Stay up to date with notifications from The Independent

Notifications can be managed in browser preferences.

Rising prices at the pumps could prove a liability in the race for the White House

Candidates tread carefully in a nation of car drivers used to low prices

Economics Correspondent,Rupert Cornwell
Friday 02 April 2004 00:00 BST
Comments

Your support helps us to tell the story

From reproductive rights to climate change to Big Tech, The Independent is on the ground when the story is developing. Whether it's investigating the financials of Elon Musk's pro-Trump PAC or producing our latest documentary, 'The A Word', which shines a light on the American women fighting for reproductive rights, we know how important it is to parse out the facts from the messaging.

At such a critical moment in US history, we need reporters on the ground. Your donation allows us to keep sending journalists to speak to both sides of the story.

The Independent is trusted by Americans across the entire political spectrum. And unlike many other quality news outlets, we choose not to lock Americans out of our reporting and analysis with paywalls. We believe quality journalism should be available to everyone, paid for by those who can afford it.

Your support makes all the difference.

At first glance, it's just another political spat in an already superheated presidential election season. The Bush-Cheney campaign has just started to run a Charlie Chaplin-style ad that resurrects a "wacky" proposal by John Kerry 11 years ago for a 50-cents-a-gallon tax on petrol to help reduce the budget deficit.

The presumptive Democratic nominee responds to this attack with grave-faced appearances at garage forecourts, carefully staged to include evidence of another failure of the Bush administration etched in the heaven above him.

The "failure" is, of course, the rocketing cost of petrol in the US. The issue has now joined Iraq, the economy and unemployment at the heart of the 2004 presidential battle. "If gas prices keep going up," Mr Kerry intones, "George Bush and Dick Cheney are going to have to car pool to work."
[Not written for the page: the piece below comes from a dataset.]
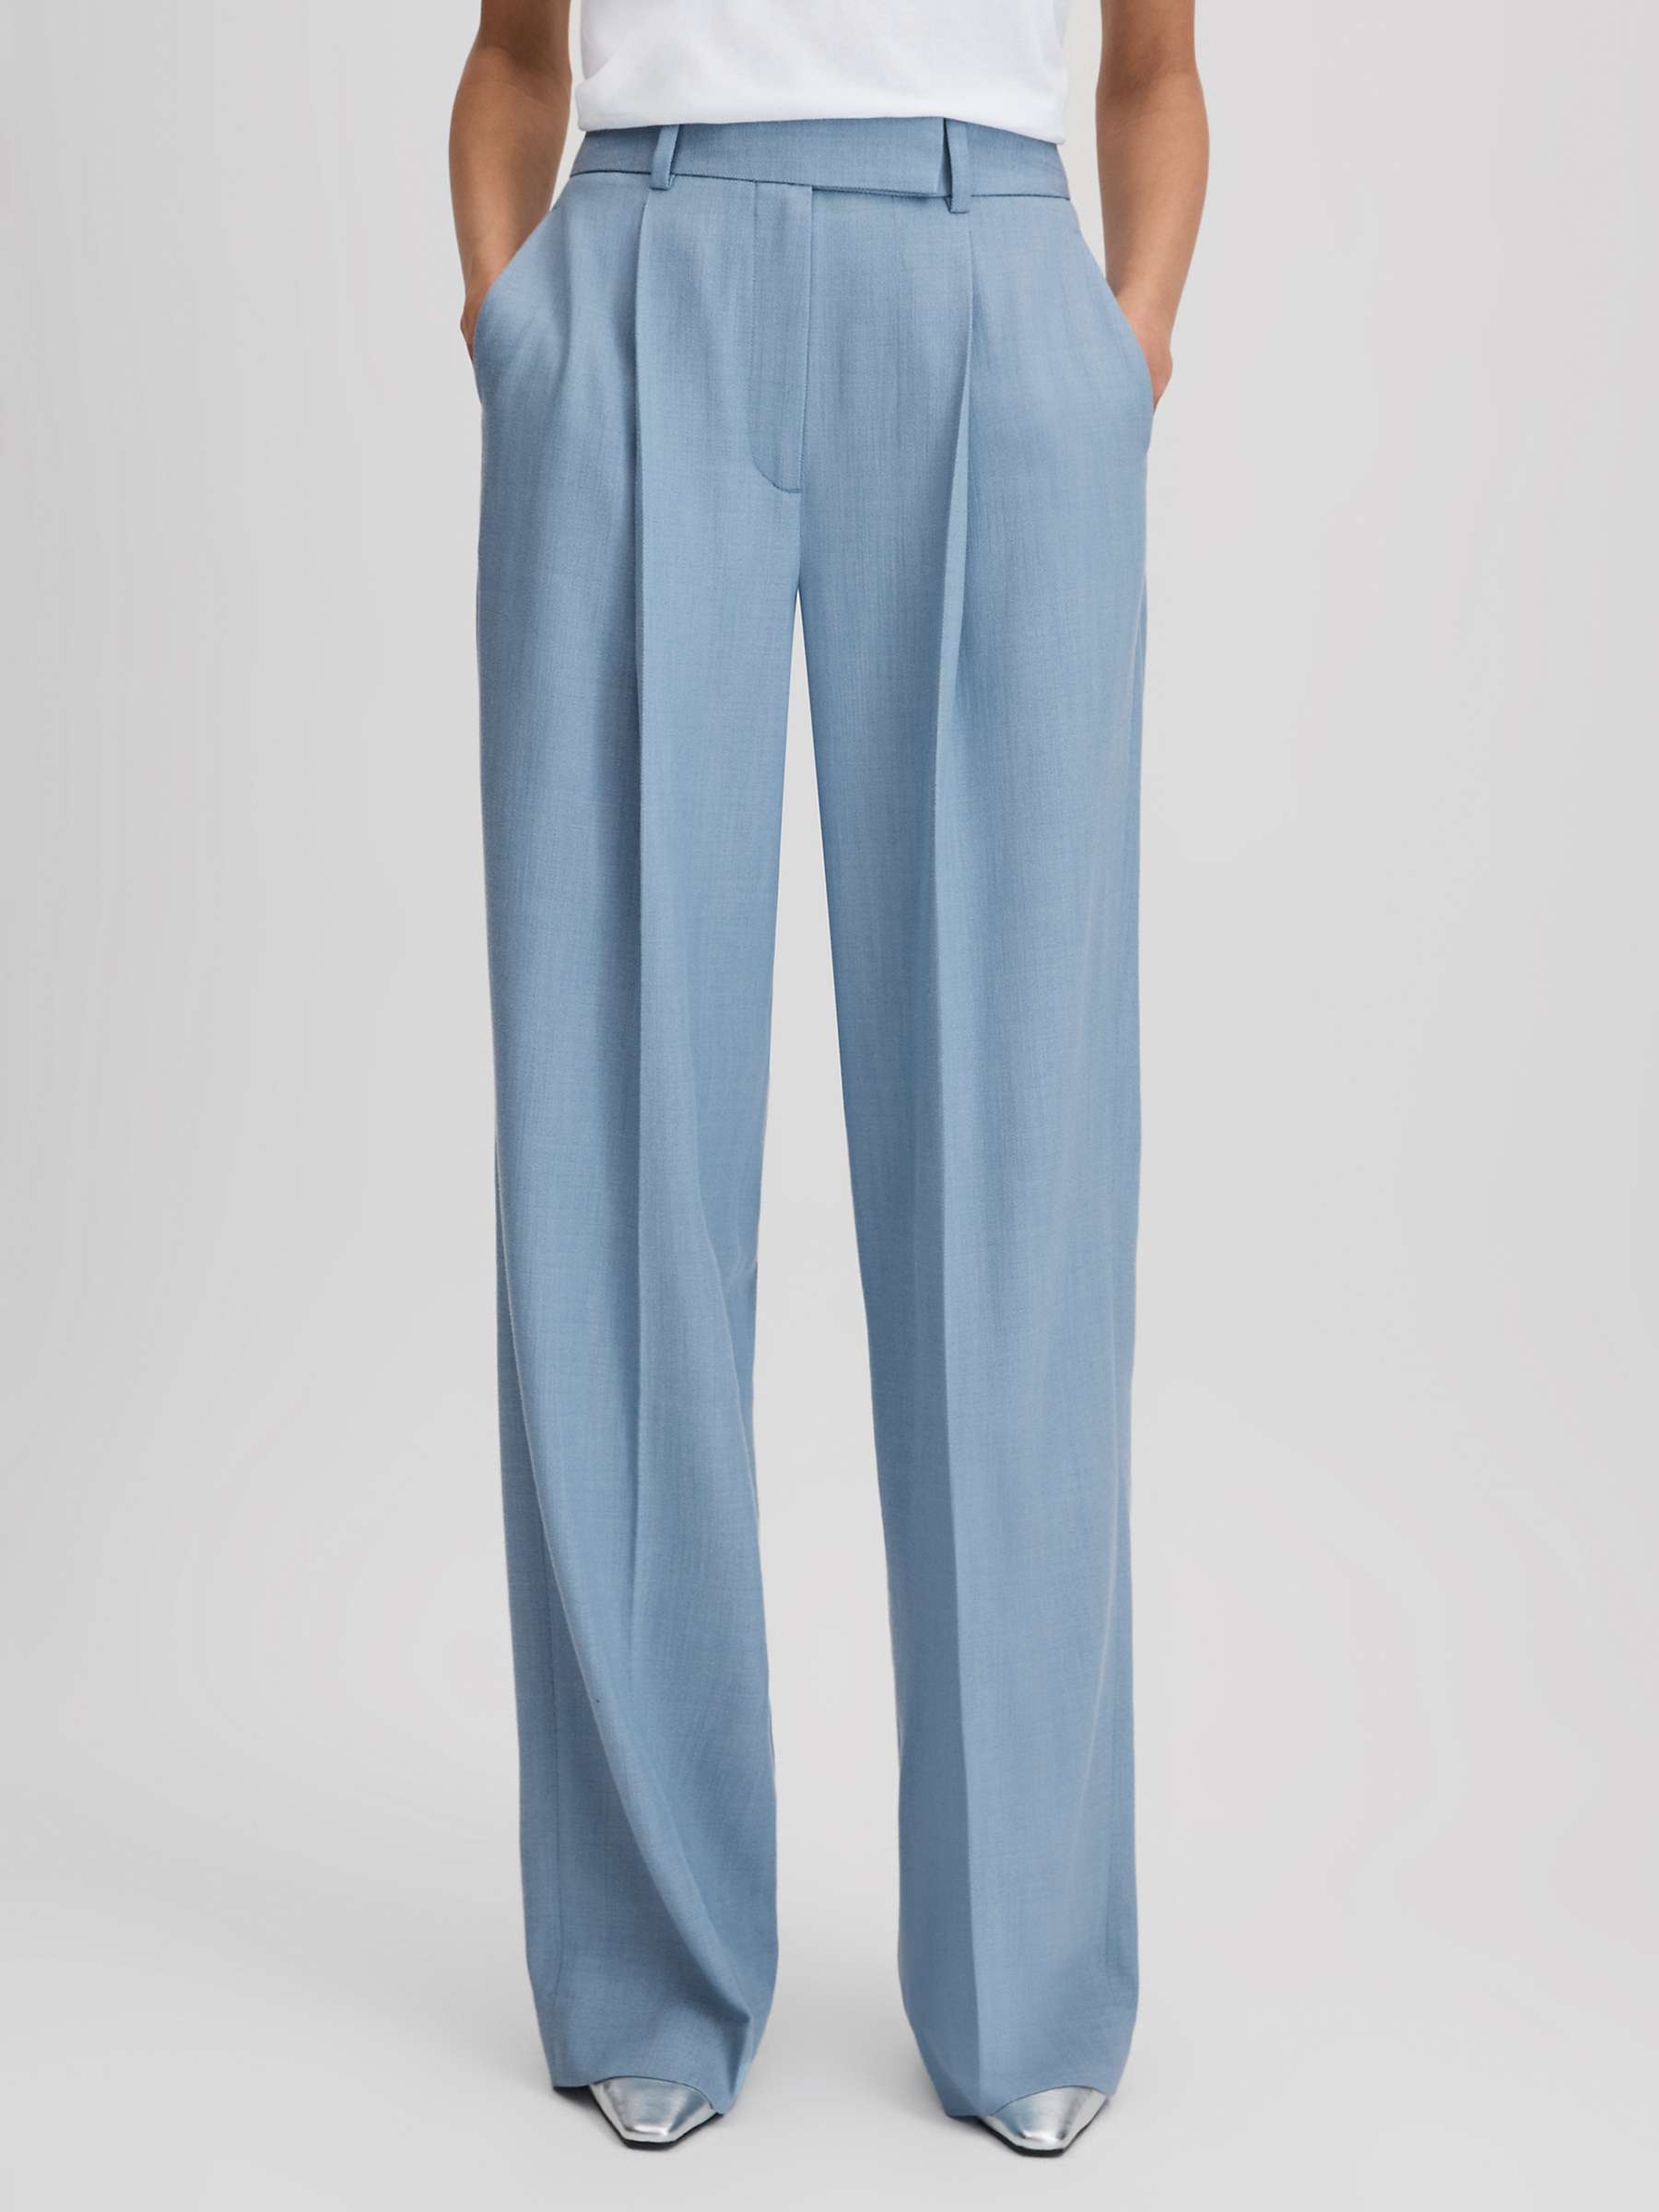 Buy Reiss Petite June Wide Leg Tailored Trousers, Blue Online at johnlewis.com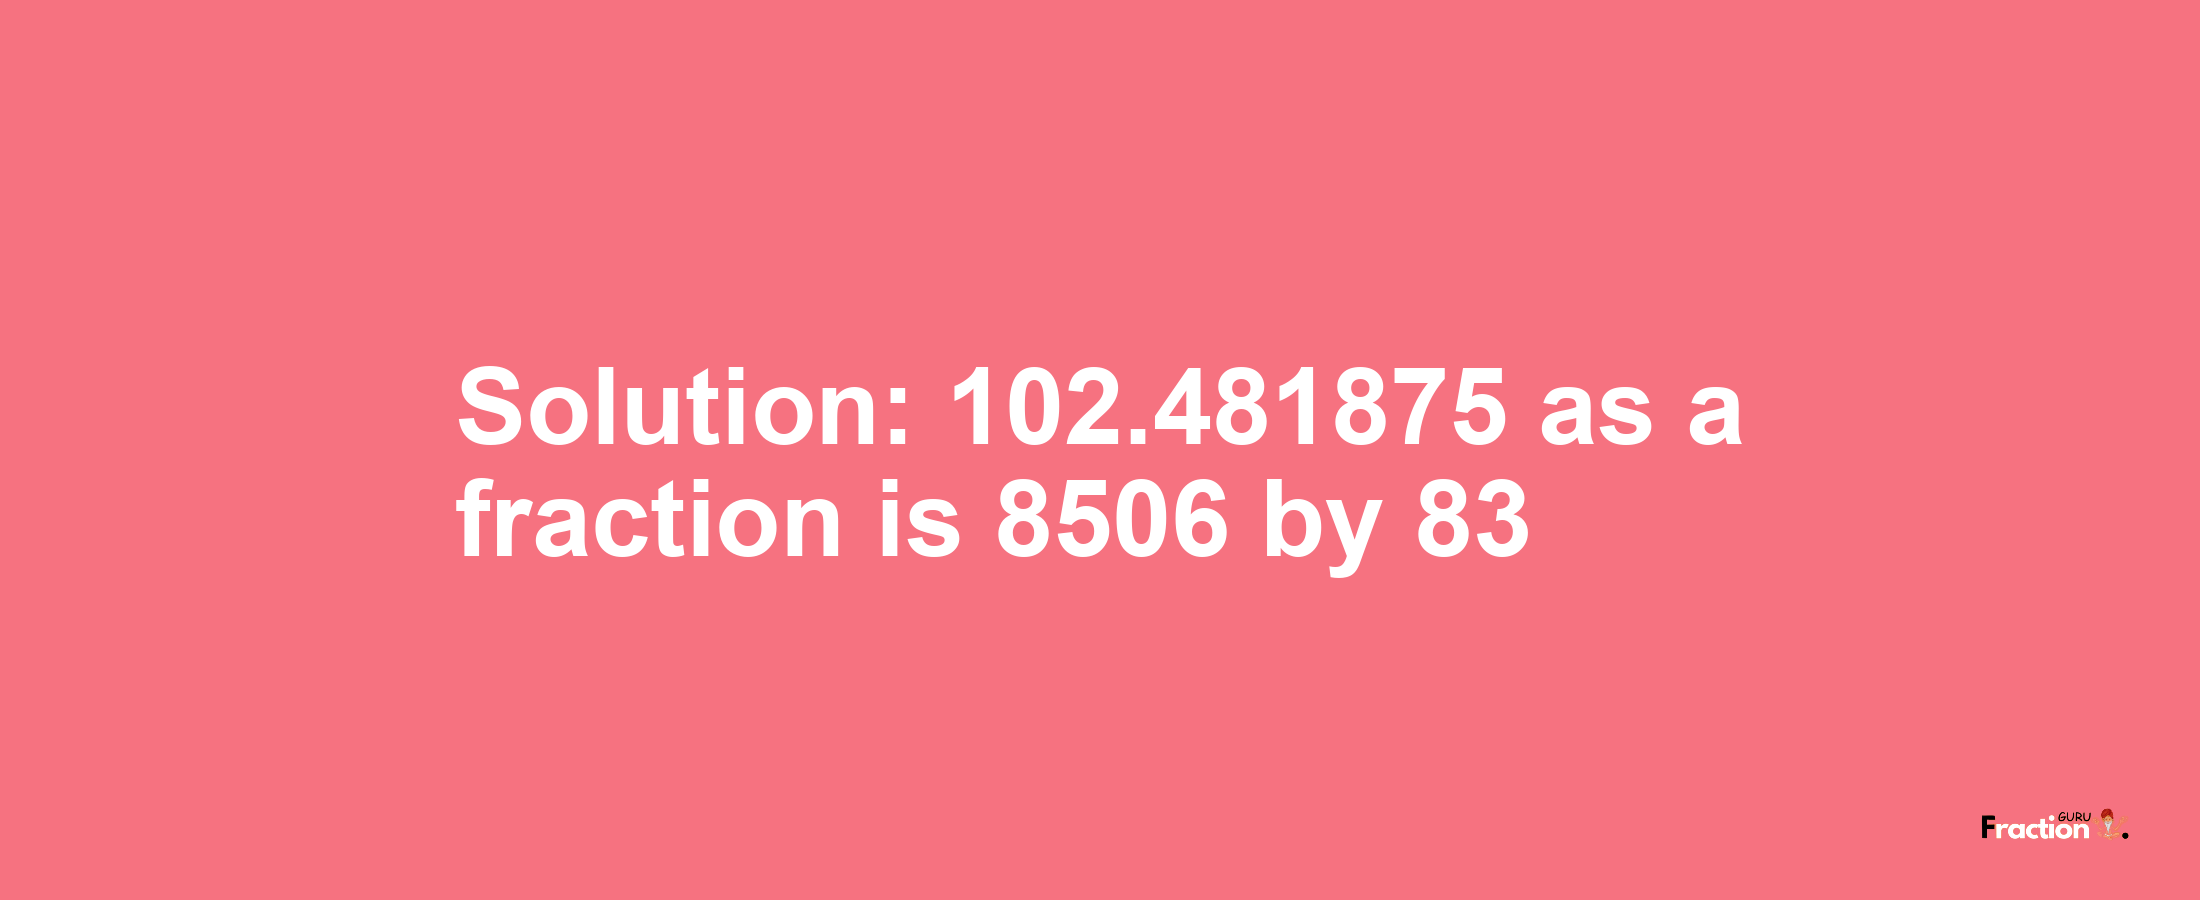 Solution:102.481875 as a fraction is 8506/83

By the rather laborious Kerry standards of humour, this is a pretty good line. And it hints at a deeper truth: that for the first time in decades, the national energy policy - or rather the lack of one - of this most energy-profligate of countries will be a matter of serious political debate.

In poor countries, increases in the price of bread have people on the streets. Not so in the US. No matter that, at roughly $1.75 (96p) a gallon, petrol here is still ridiculously cheap by European standards - around one third the price in Britain.

No matter, moreover, that if inflation is taken into account, petrol costs far less than in early 1981, when it reached an adjusted $2.97. In the car-addicted US, the most sensitive basic commodity price is that of petrol - and this White House knows that better than anyone. During his 2000 campaign, George Bush made much of the fact that as an oilman he would know how to manipulate Opec to keep prices down.

Wednesday's decision by the oil producers' cartel to cut production quotas by 4 per cent, despite admonitions from the White House, embarrassingly showed just how far a president's writ runs - especially when the popularity of the US is at all-time lows in much of the Arab and Islamic world.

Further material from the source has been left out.